● **Work instruction**: Reproduce the listing below as it stands. Leave out each image.

● **Dataset excerpt**:
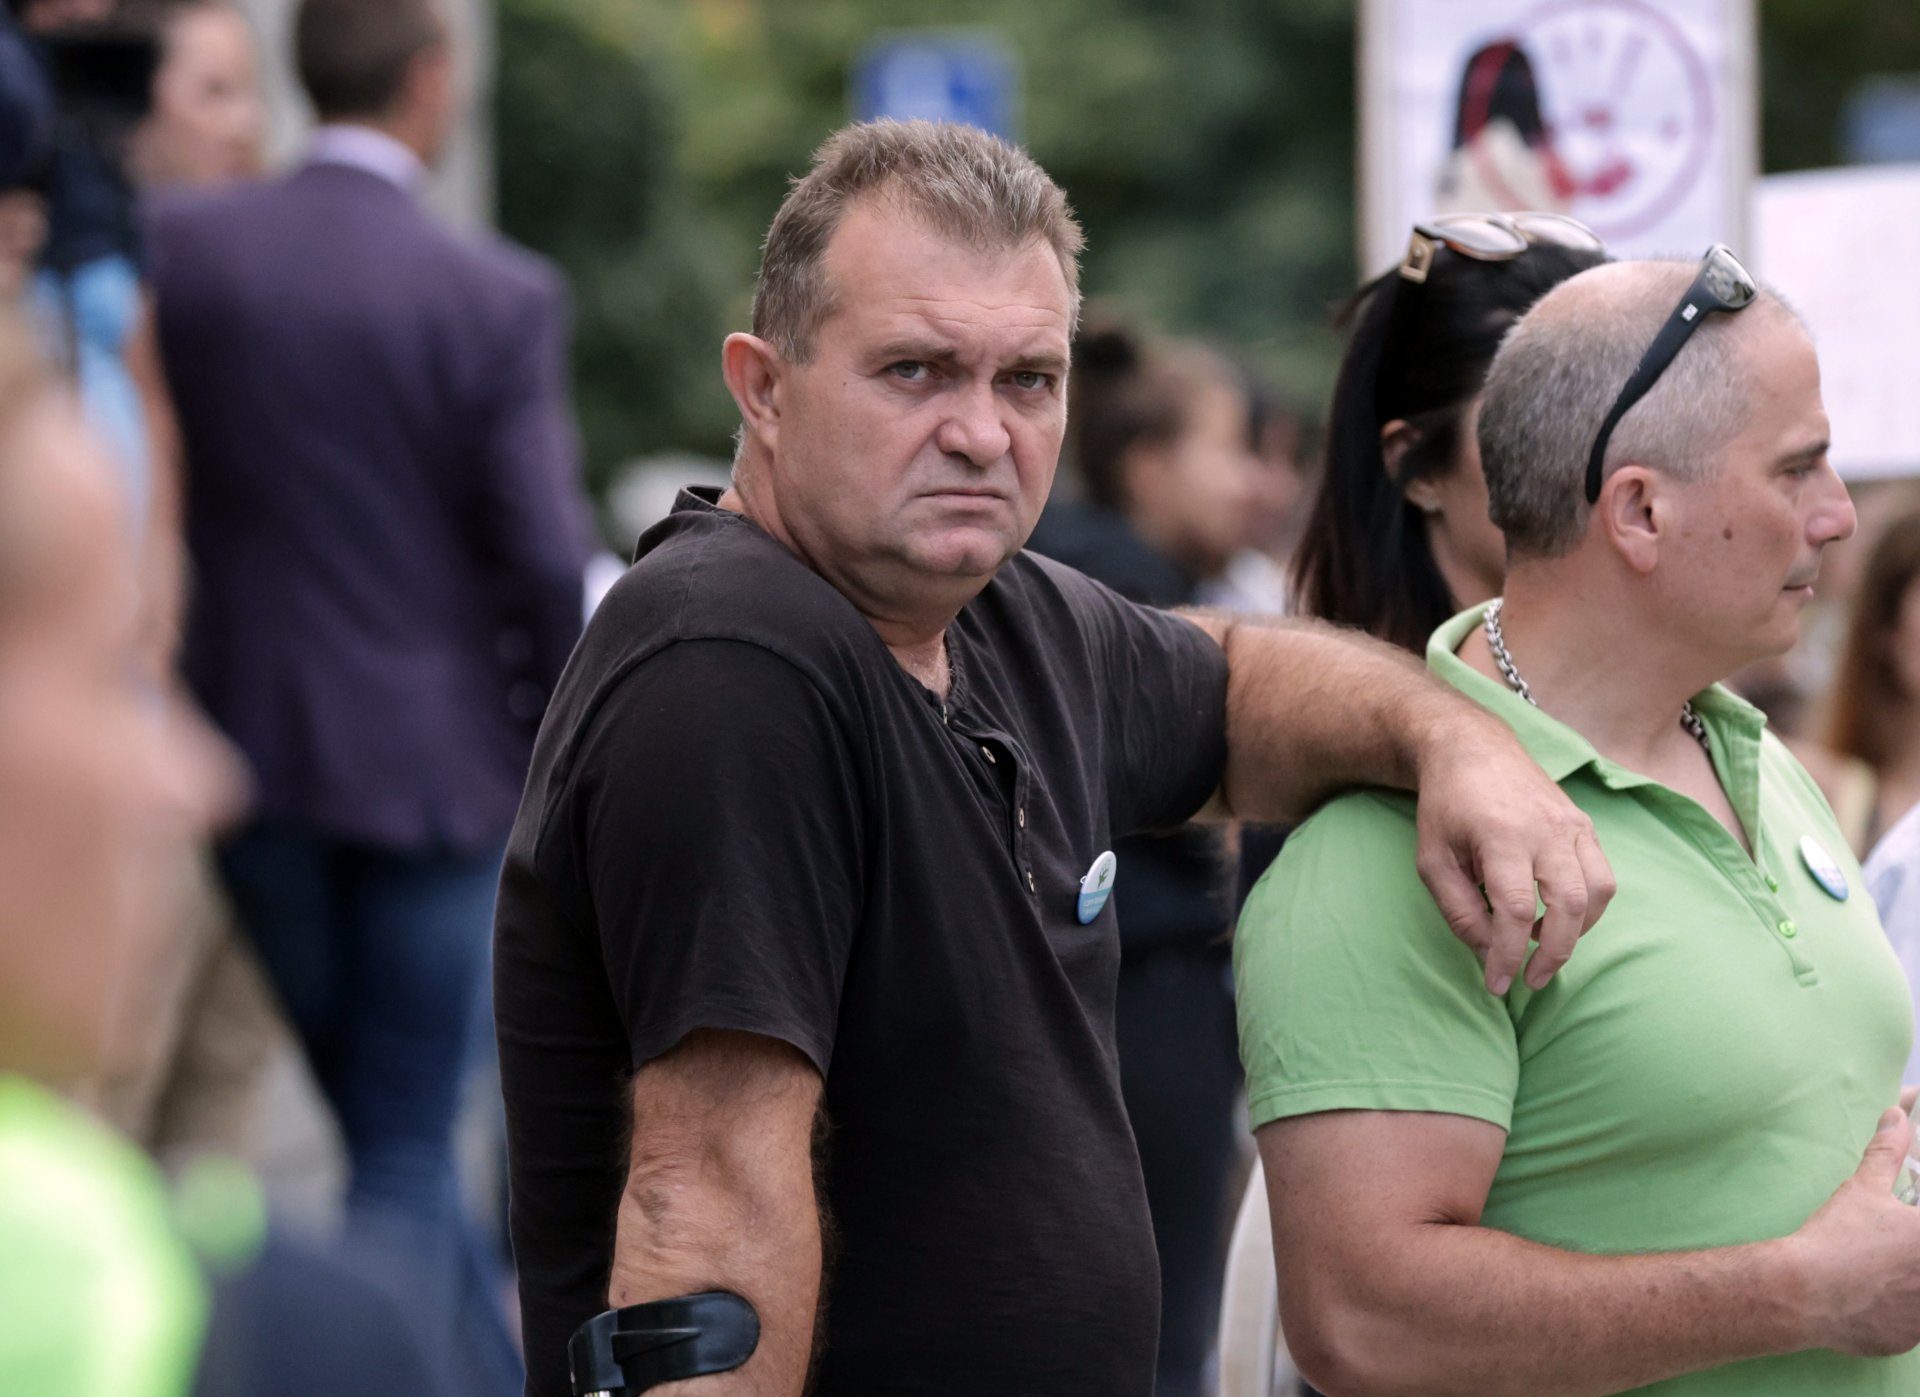 Георги Георгиев от "Боец" протестира пред Съдебната палата в столицата
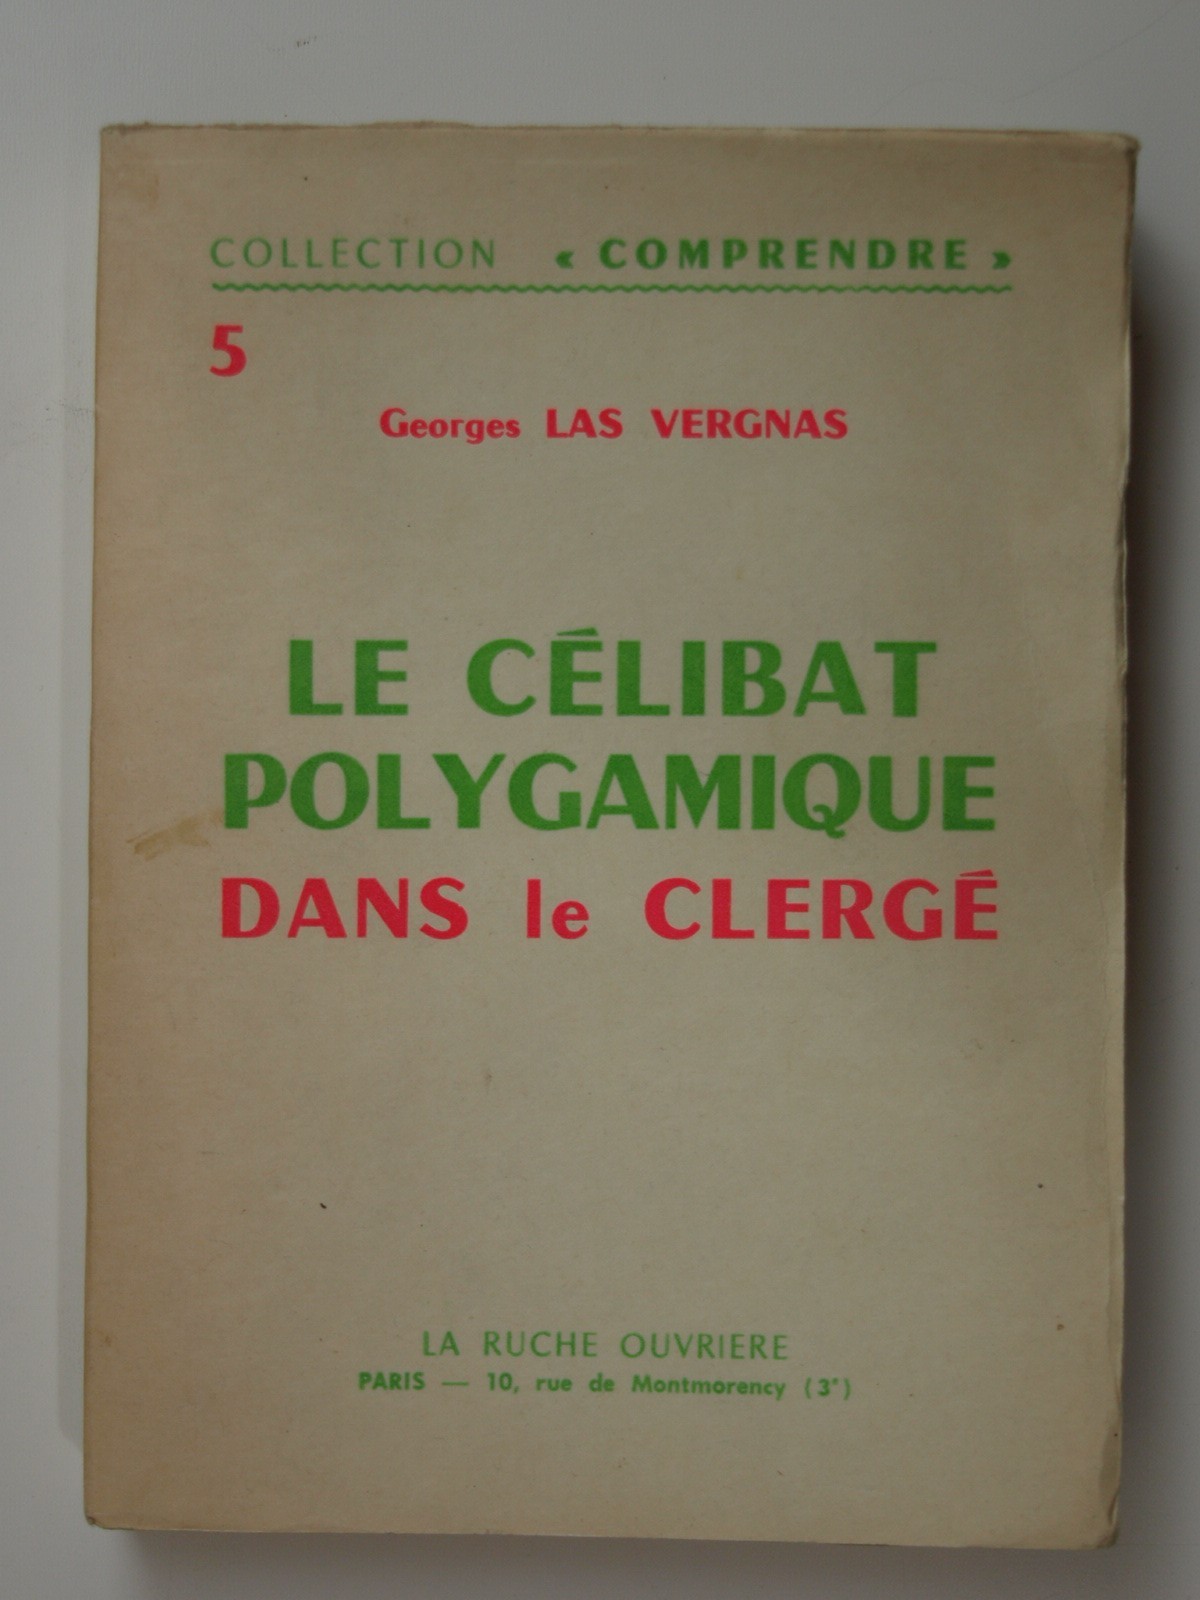 LAS VERGNAS Georges : Le Célibat polygamique dans le clergé
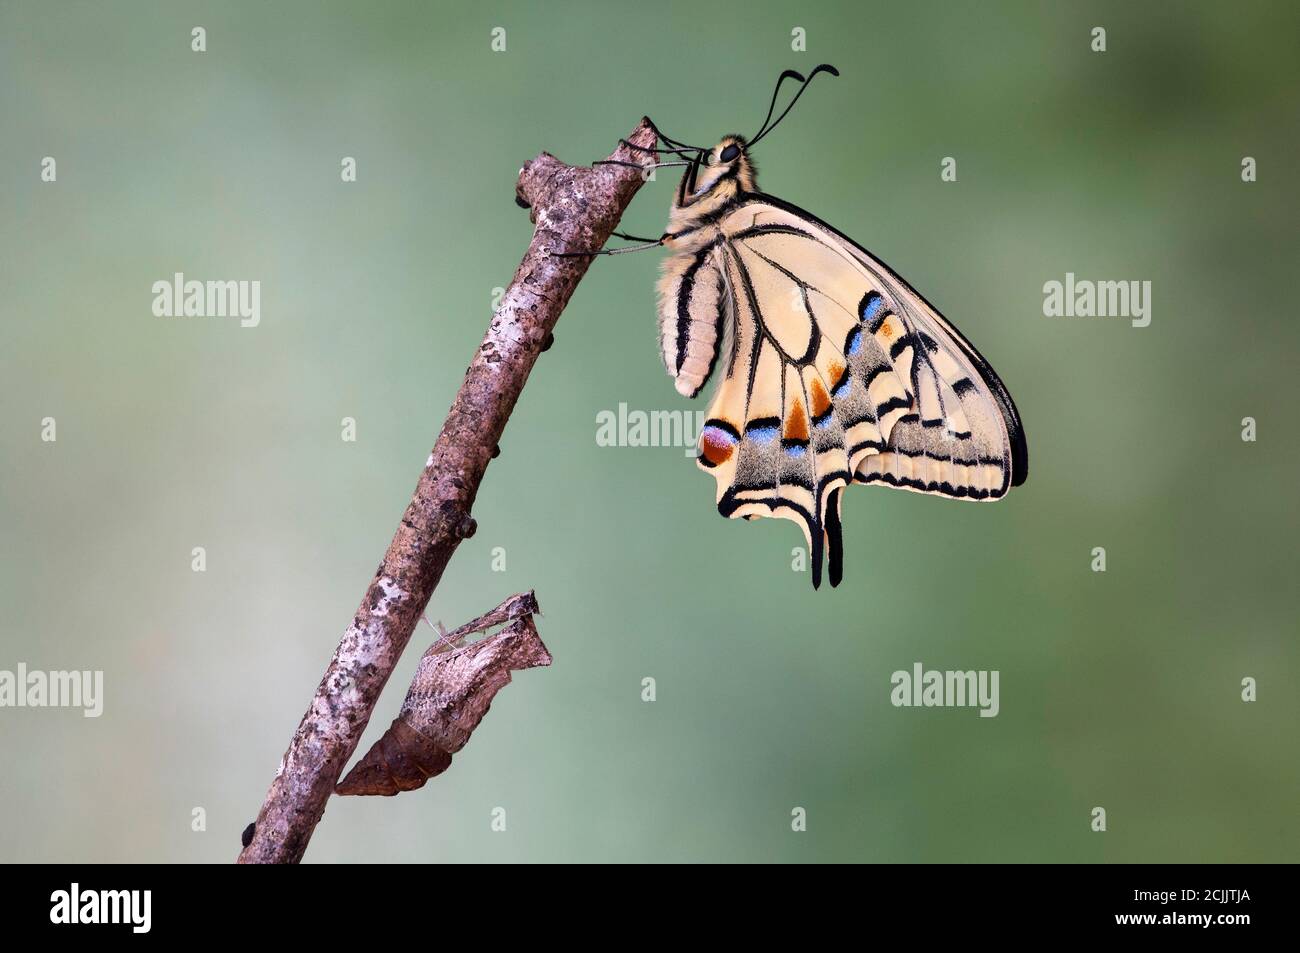 Coda di rondine del Vecchio mondo appena schiusa (Papilio machaon) sopra la sua conchiglia pupa vuota, la Svizzera Foto Stock
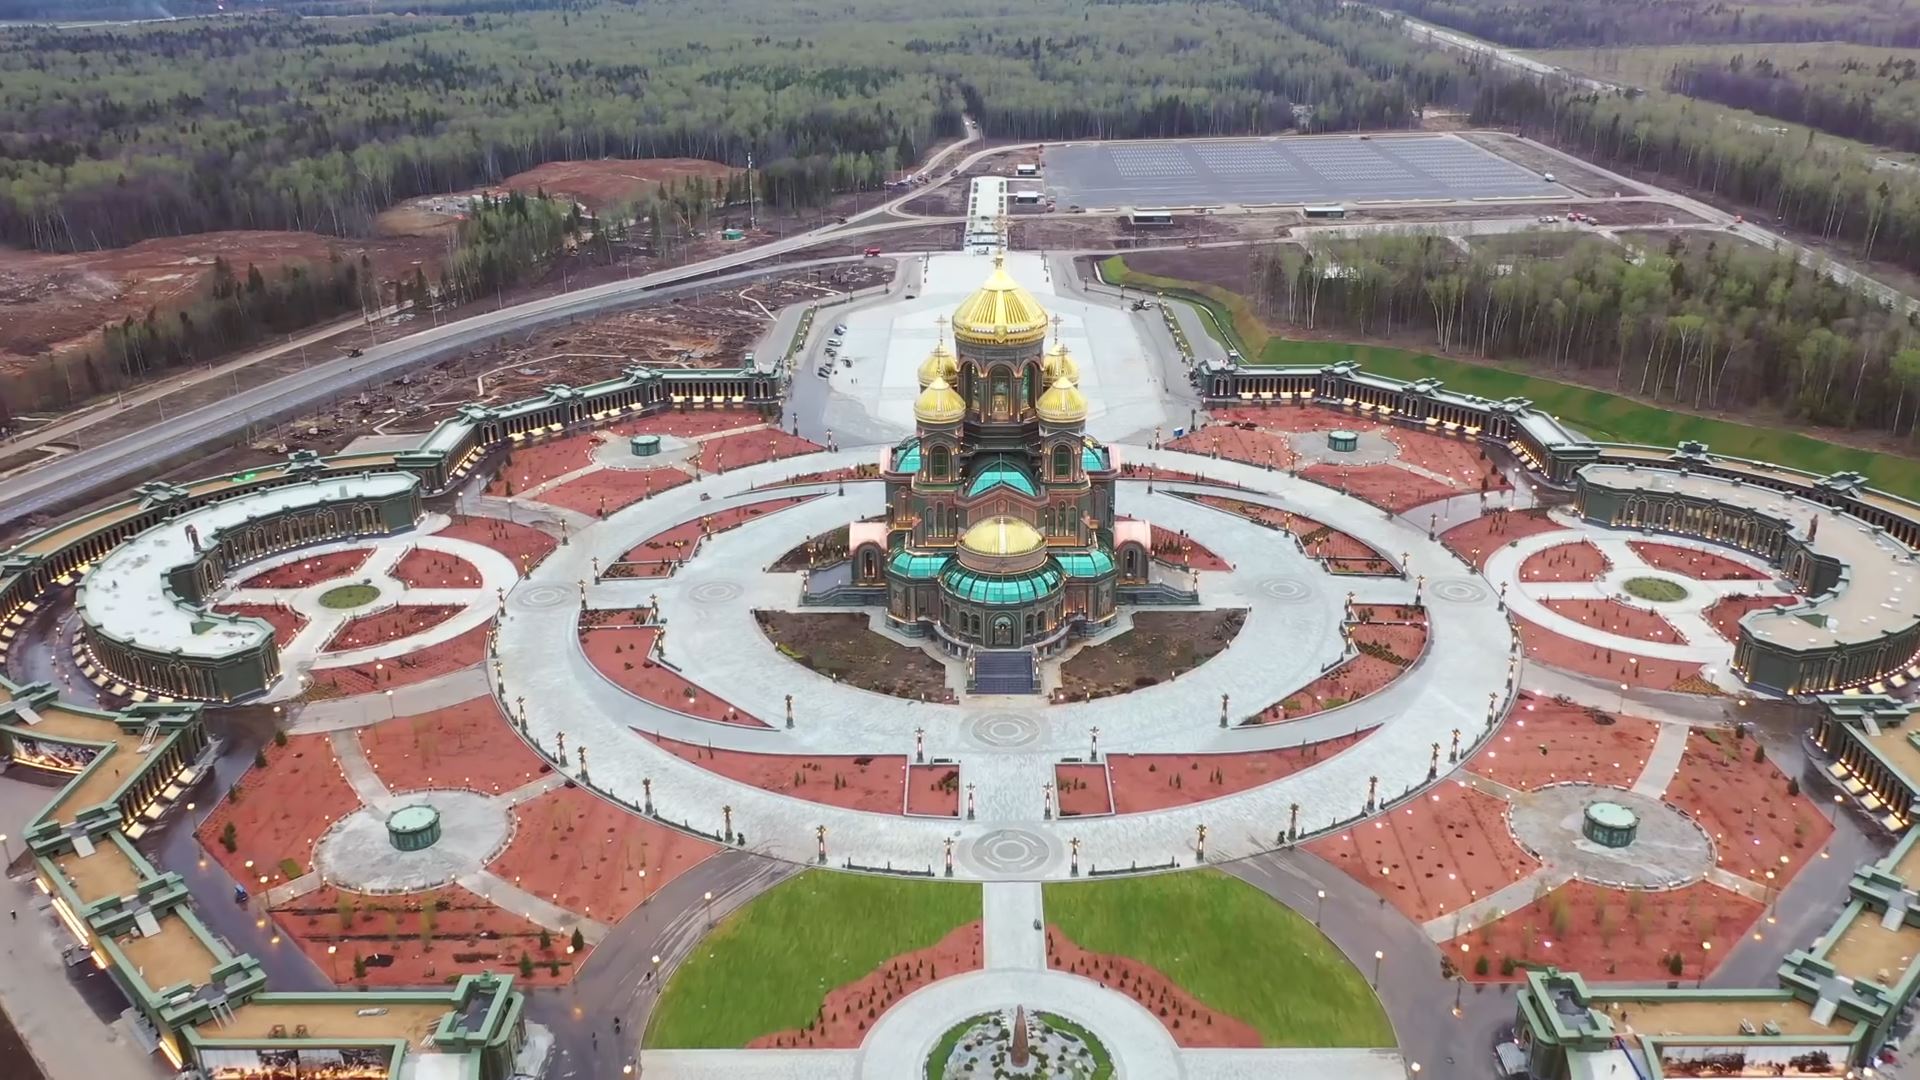 главный храм вооруженных сил россии в москве

● **Solution for this problem**:
 Георги Георгиев от "Боец" протестира пред Съдебната палата в столицата
 LAS VERGNAS Georges : Le Célibat polygamique dans le clergé
 Coda di rondine del Vecchio mondo appena schiusa (Papilio machaon) sopra la sua conchiglia pupa vuota, la Svizzera Foto Stock
 главный храм вооруженных сил россии в москве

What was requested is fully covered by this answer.